Comment on ‘Building a semantic map: top-down versus
bottom-up approaches’ by Ferdinand de Haan (2010)
Joost Zwarts
Utrecht Institute of Linguistics OTS
Methodological considerations of semantic mapping play an
important role in the papers of this issue. De Haan (2010) argues for a
bottom-up approach in building semantic maps. In his view, domains (like
“modality” versus “evidentiality”) cannot and should not
be distinguished until a map has been constructed that is based on a study of
the meanings of individual morphemes. That might be a useful way to avoid
semantic discussions about ‘where’ an item belongs, but some
critical notes are in order about the way such a bottom-up approach might be
done without top-down
considerations[1]
In a bottom-up approach, the data underdetermine the map, as shown in
the case of Dutch
moeten. The three meanings of
moeten allow four
possible maps. De Haan chooses one possible map, without further argumentation,
but the question arises on what basis the lines are drawn in such a situation,
if we do not want to use
top-down semantic information about the
similarity between meanings and the domains they belong to. A purely bottom-up
procedure is not possible then.
De Haan identifies and classifies meanings of modal items in a rough
descriptive way (“evaluation of evidence”, “strong epistemic
modality”, “assertion of indirect evidence”,
“predictive”, “future”). It is not clear how we can
actually do this, without having some good idea about the broader semantic
domains from which these meanings are drawn. It would be more in line with a
real bottom-up approach to use neutral numbers for situations to which sentences
apply, without bothering about the semantic description of those situations.
However, that requires a rather different, “stimulus-driven”

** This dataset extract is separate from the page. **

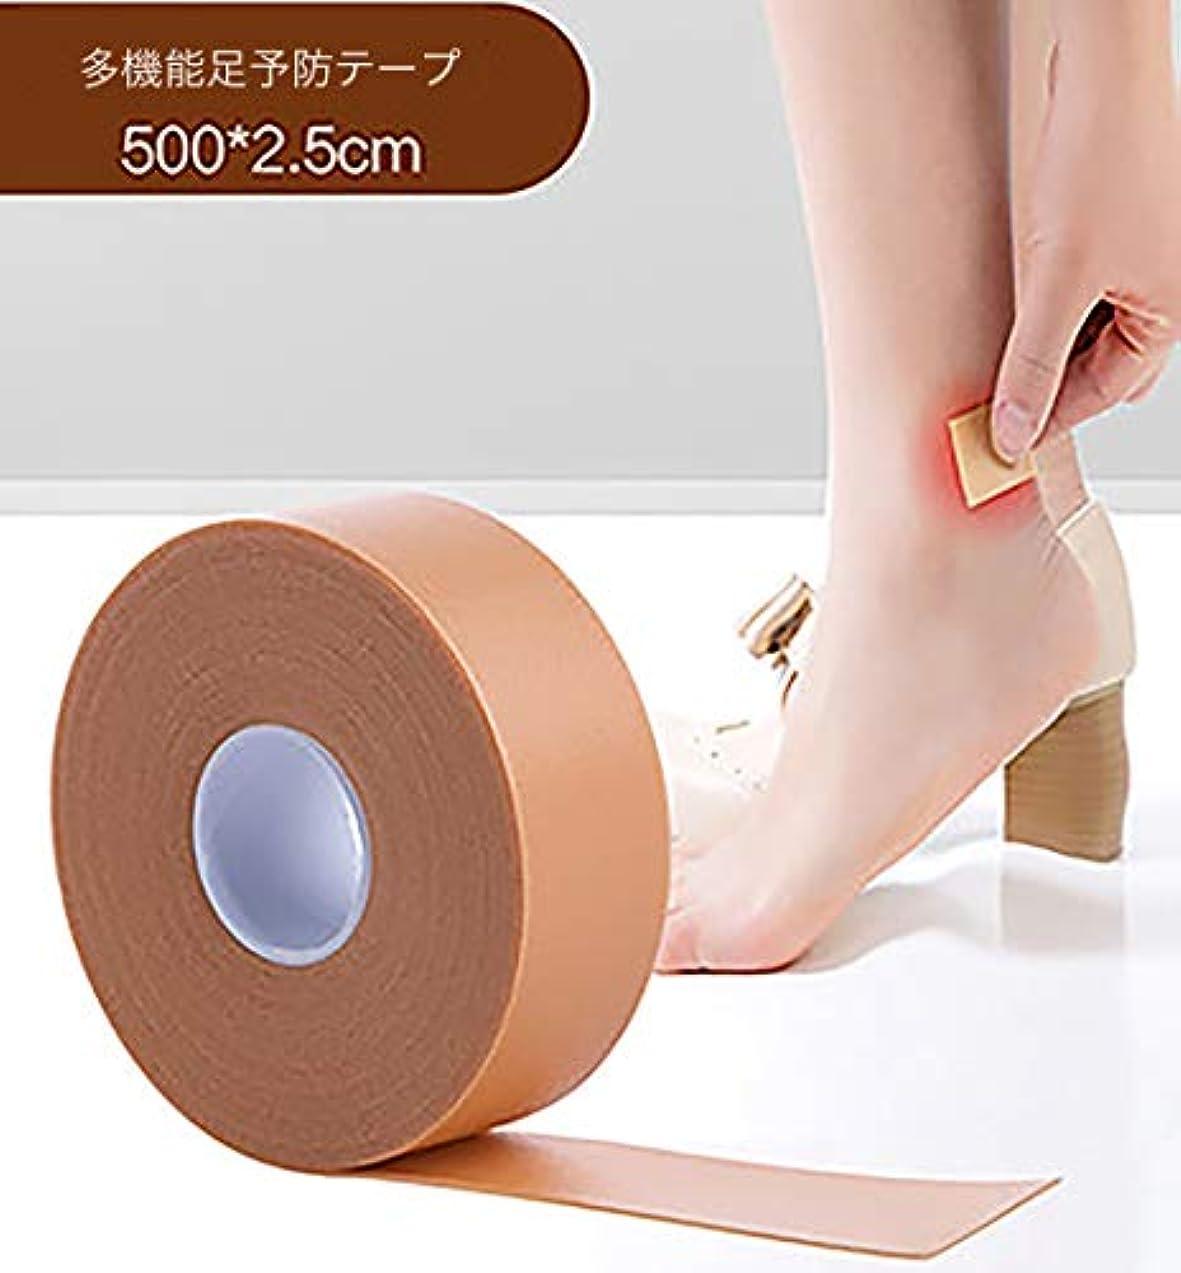 変えるダウンいたずらな靴擦れ くつずれ防止 靴擦れケアテープ かかと パッド フットヒールステッカーテープ 防水素材 粘着 かかと パッド テープ 足痛み軽減 耐摩耗 痛み緩和 伸縮性抜群 男女兼用 (1個セット)

approach, like that of Levinson and Meira (2003) or Majid et al. (2007), where
the points on the map are really theory-neutral to an important extent. This is
probably not what de Haan would want to do, since he is clearly interested (and
rightfully so) in how a set of more abstract modal/evidential meanings hangs
together.
Another potential problem with the bottom-up approach is its partiality.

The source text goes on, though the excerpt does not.